The `oonta` command provides the `--opt, -O`, `--compile / -c` and `--exec /
-e` options to optimize the generated IR, compile the generated IR to an object
code and executable, respectively. Internally, `oonta` will invoke the
following commands:

```sh
# with --opt
opt -S -O3 -o <.ll file> <.ll file>
# with --compile
llc -O3 -relocation-model=pic --filetype=obj -o <output> <.ll file>
# with --exec
clang -o <output> <.o file> -loonta_runtime
```
On Ubuntu, install the `llvm` package to make those commands available.

```sh
sudo apt install llvm
```
> [!NOTE]
> I will be working on my own LLVM backend as part of my compiler learning
> journey! ✨

> [!WARNING]
> The generated IR uses [opaque
> pointers](https://llvm.org/docs/OpaquePointers.html).

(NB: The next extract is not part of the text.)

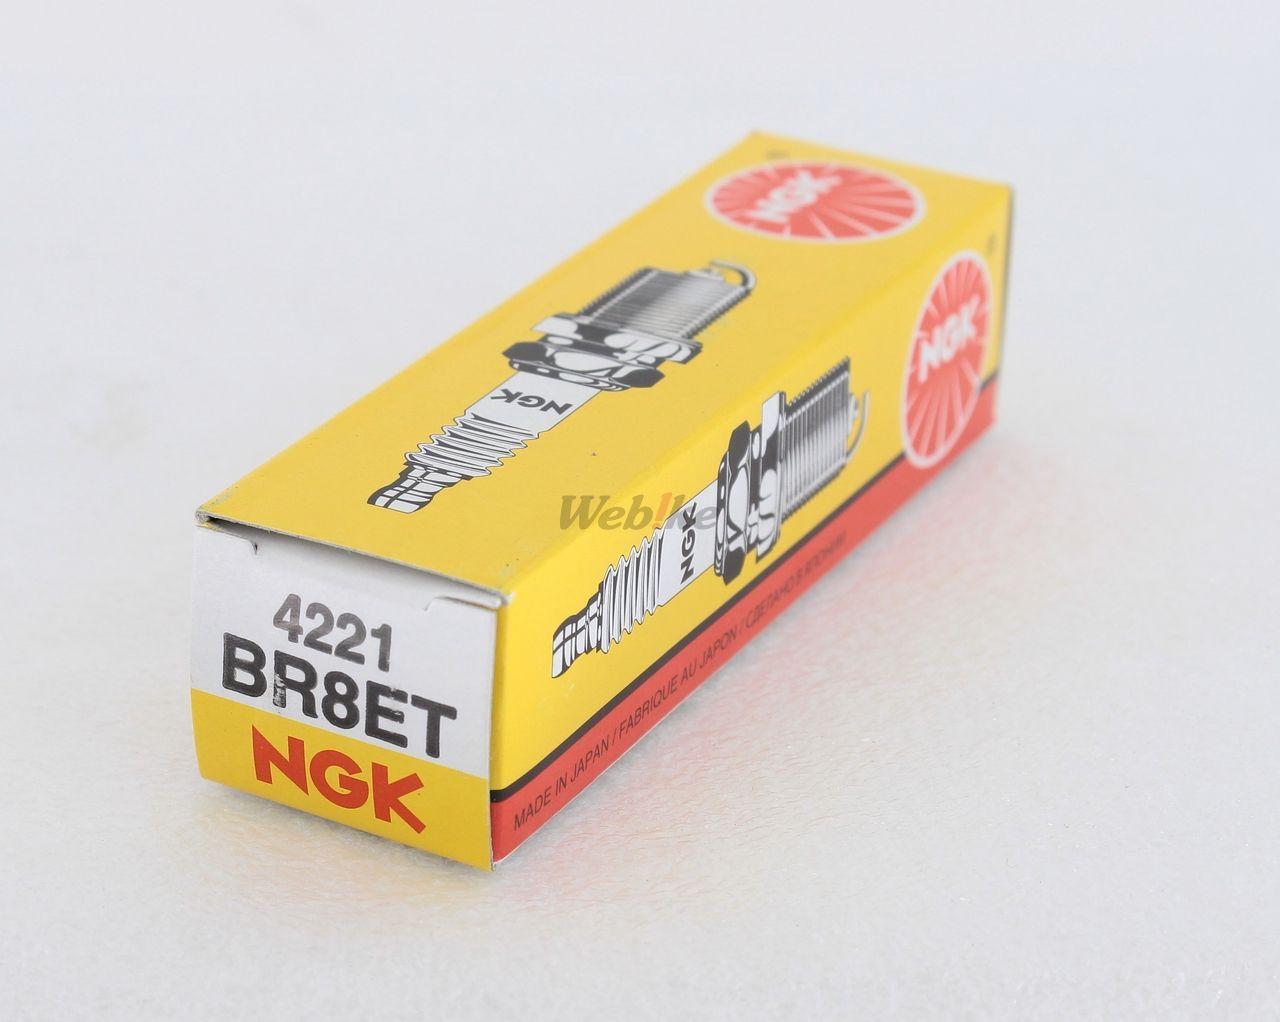 【NGK】標準型 火星塞 BR8ET 4221 - 「Webike-摩托百貨」

If your LLVM version is
> older than version 15, the `--compile` / `--exec` options might not work.

Additionally, with `--exec`, you need the *Oonta runtime library*:
`liboonta_runtime.a`. If you're running an x64 linux machine, you can obtain
the static library from the [release page]. If not, you would need to build the
runtime from source by following the guide [below](#building-from-source).

> [!NOTE]
> Currently the runtime only provides allocation requests using *bump
> allocation*. Garbage collection service is not yet available.

## User Guide

```sh
oonta --help
```
## Feature Highlights

### Debug compile phases

Use the `--verbose / -v` option to debug each compile phase.

```sh
cat << EOF > main.ml
let rec factorial x = if x <= 1 then 1 else x * factorial (x - 1)
let () = print_int (factorial 5)
EOF
oonta --exec -v main.ml
```

```text
=> Lexing & Parsing Start
=> Lexing & Parsing End (1 ms)
=> Build AST Start
factorial = 
FunExpr
├─▸ parameters: [x]
├─▸ captures: []
├─▸ recursive: yes
└─▸ body:
    CondExpr
    ├─▸ condition:
    │   BinOpExpr
    │   ├─▸ operator: <=
    │   ├─▸ lhs:
    │   │   VarExpr ("x")
    │   └─▸ rhs:
    │       LiteralExpr (1)
    ├─▸ then expr:
    │   LiteralExpr (1)
    └─▸ else expr:
        BinOpExpr
        ├─▸ operator: *
        ├─▸ lhs:
        │   VarExpr ("x")
        └─▸ rhs:
            ApplicationExpr
            ├─▸ function:
            │   VarExpr ("factorial")
            └─▸ binds:
                └─▸ (0)
                    BinOpExpr
                    ├─▸ operator: -
                    ├─▸ lhs:
                    │   VarExpr ("x")
                    └─▸ rhs:
                        LiteralExpr (1)

() = 
ApplicationExpr
├─▸ function:
│   VarExpr ("print_int")
└─▸ binds:
    └─▸ (0)
        ApplicationExpr
        ├─▸ function:
        │   VarExpr ("factorial")
        └─▸ binds:
            └─▸ (0)
                LiteralExpr (5)

=> Build AST End (0 ms)
=> Resolve types Start
Top level bindings:
factorial: (int -> int)
=> Resolve types End (0 ms)
=> Transform application expressions Start
=> Transform application expressions End (0 ms)
=> Build LLVM module Start
=> Build LLVM module End (0 ms)
=> Write LLVM module Start
=> Write LLVM module End (1 ms)
=> LLVM backend Start
=> LLVM backend End (117 ms)
```

### Error reporting

```text
Line   1|let x = foo 3
                 ^--
Error: cannot infer expression type: Unbound value foo
```
```text
Line   1|let rec f x = f
                       ^
Error: cannot infer expression type: Cannot unify 'b with ('a -> 'b)
```
```text
Line   1|let () = 1 + 2
                  ^----
Error: cannot bind expression of type int to ()
```

## Building from source

1. Install C++ build dependencies

```
sudo apt install build-essential cmake
```
2. Install `cargo` tool:

```sh
curl --proto '=https' --tlsv1.2 -sSf https://sh.rustup.rs | sh
```
3. Clone repository.

```sh
git clone https://github.com/fuad1502/oonta.git
```
4. Build `liboonta_runtime.a`

```
cmake -S runtime -B build -DCMAKE_BUILD_TYPE=Release
cmake --build build
```
5. Install `liboonta_runtime.a`

```
sudo cmake --install build
```
6. Build `oonta`.

```sh
cargo build
cargo test
```
## Why is it called Oonta?

*Oonta*, is based on the Indonesian word *unta*, which translates to "camel".